This is the year of Darwin (yes, yes, it’s also the year of astronomy, I know), and especially this week -- around the date of Chuck’s birth -- we are seeing a spike of events, radio and tv pieces, and printed articles. (Expect a second peak in November, for the anniversary of the publication of Origin of Species.)

One of the most schizophrenic treatments of the topic surely is the one published this week by Forbes magazine. They have a number of solid pieces by recognized scientists and science writers (for instance by evo-devo researcher Sean Carroll, philosopher Michael Ruse, and writer Michael Shermer).

But they also have four, I repeat four, insanely anti-intellectual articles by pro-ID writers: Ken Ham (the “CEO” of Answers in Genesis and founder of the oxymoronic Creation Museum in Kentucky), John West (the hack author of Darwin Day in America), Jonathan Wells (the infamous author of Icons of Evolution), and my colleague here at Stony Brook, Neurosurgery Vice Chairman Michael Egnor. I will ignore the first three because I have dealt with them on numerous occasions in the past, and concentrate instead on Egnor.

He begins his piece by stating that
As an undergraduate biochemistry major, I was uncomfortable with Darwinian explanations for biological complexity. Living things certainly appeared to be designed.

That’s a bad enough reflection on undergraduate science education in the United States at the time (alas, it ain’t much better today, in this respect), but the fact that Egnor persists in such a naive way of thinking today, as a professor of neurosurgery is really a shame (for him and for Stony Brook).

Egnor goes on trotting out the same old tired creationist “objections” to evolution. The fossil record has discontinuities (yes, it does, and they have been shown over and over to be perfectly compatible with evolution, considering the time scales involved); biomolecules are so complex that they couldnt possibly have originated naturally (an argument from ignorance, both in the philosophical sense and in the personal sense that Egnor is obviously ignorant about molecular evolution); the genetic “code” couldn’t exist without design, because only intelligent beings produce codes (an astounding example of taking a metaphor literally instead of looking at the perfectly explicable biochemistry of nucleic acids). Then Egnor proceeds by asking what he seems to think are devastating questions for “evolutionists.” Let’s take a look.

Why do Darwinists claim that intelligent design theory isn't scientific, when both intelligent design and Darwinism are merely the affirmative and negative answers to the same scientific question: Is there evidence for teleology in biology?
This betrays Egnor’s ignorance of the nature of science. The question of teleology in biology is most certainly not a scientific question, it is a philosophical one. And “Darwinism” is not a negative answer to that question, it is a positive answer to the question of how adaptive complexity originated during the history of life on earth.

Why do Darwinists -- scientists -- seek recourse in federal courts to silence criticism of their theory in public schools?
Because the issue is one of government-mandated separation of Church and State and school board-regulated criteria for what should be taught in science classrooms. The creation-evolution debate is not a scientific debate, it is a social controversy, and as such it naturally, if unfortunately, involves court challenges.

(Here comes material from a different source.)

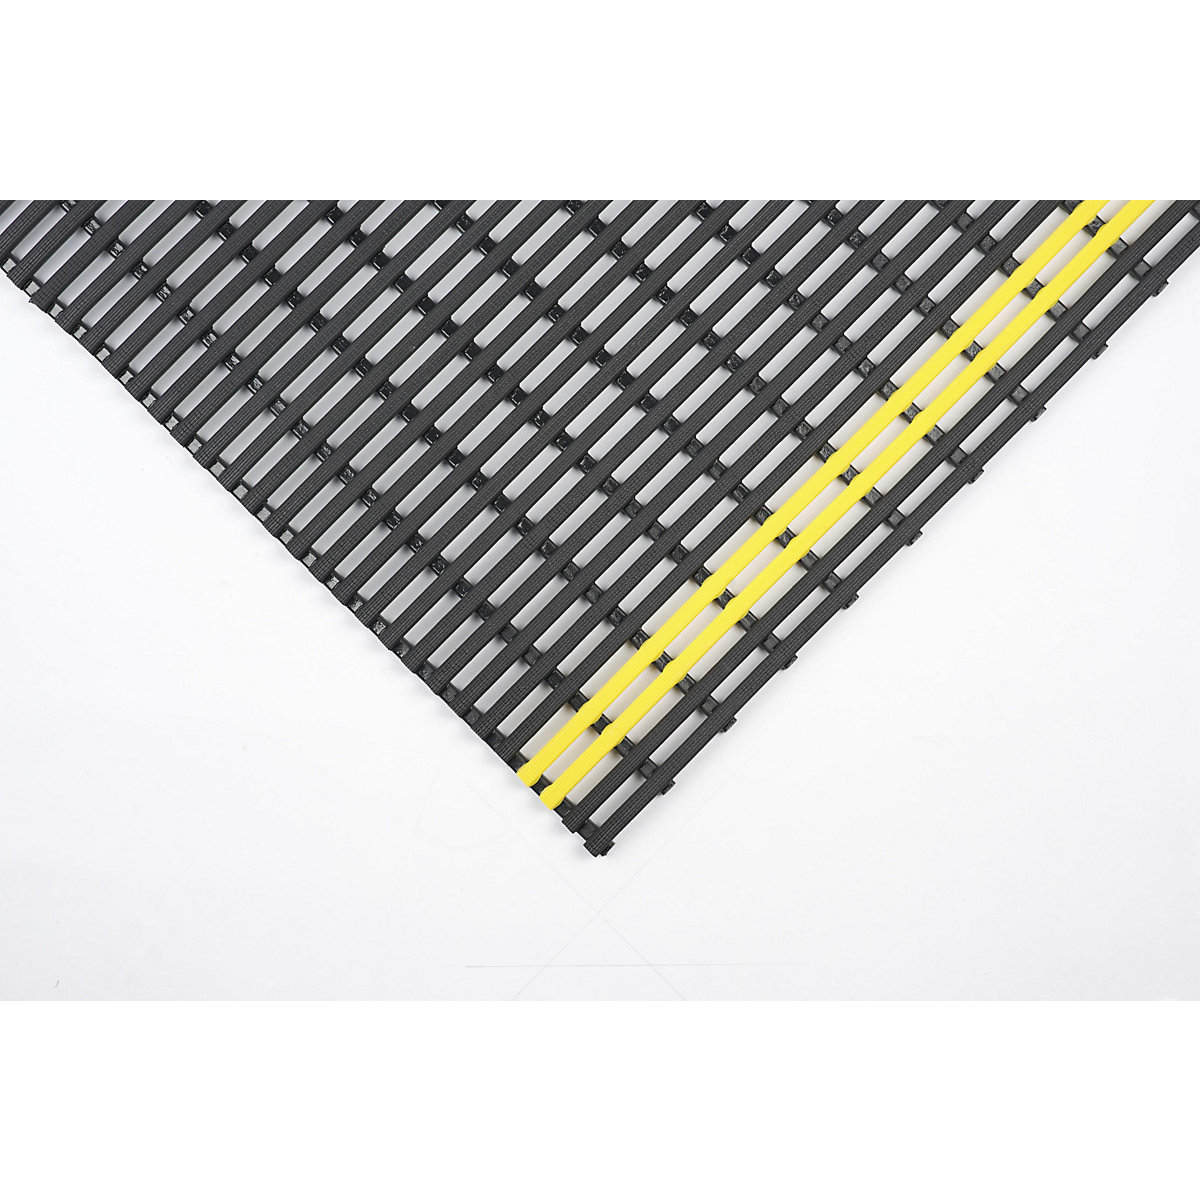 Protišmyková podložka, recyklované PVC, na bežný m, šírka 800 mm, čierna/žltá

What is it about the Darwinian understanding of biological origins that is so fragile that it will not withstand scrutiny by schoolchildren?
Are you kidding? Schoolchildren do not understand plenty of other solidly established science either. For instance, many children (and a good number of adults) seem to think of the world in terms of Aristotelian, not Newtonian (let alone relativistic) physics. Should we ban Sir Isaac from science curriculum as a result?

Egnor ends his piece with a long whine about how he has been vilified on the internet (well, join the club, dude), and how “fundamentalist atheists” have called for him to be fired. I don’t know how good a neurosurgeon Egnor is, but I assume he is good enough to have obtained his post at Stony Brook. As such, he should retain it. But if he were in my Department (Ecology&Evolution) I most certainly wouldcall for him to be booted out immediately on the grounds that he doesn’t understand the basic foundations of the science in which he is supposed to carry out scholarship and which he should be able to teach to students.

This isn’t a matter of “ostracism” or “intolerance” (rather ironic terms when they come from creationists), it is a matter of intellectual honesty.

I don’t subscribe to the Dawkins-style attack on creationists (amply quoted by Egnor, of course), which he calls “ignorant, stupid, insane … or wicked.” Most creationists are none of the last three (though ignorance often does play a role. But then again, I’m just as ignorant of neurosurgery). But Egnor, Ham, Wells, West and especially the editors of Forbes should understand once and for all that evolution is to biology what relativity or quantum mechanics are to physics, what the big bang is to cosmology, or what the atomic theory is to chemistry.

Evolution is a scientific fact as solid as they come, and a scientific theory as well established as any other scientific theory is. Creationism and its cousin intelligent design are primitive ideas that were reasonable enough in a pre-scientific society, but do not have a respectable place at the table of intellectual discourse anymore. It’s time to get used to it.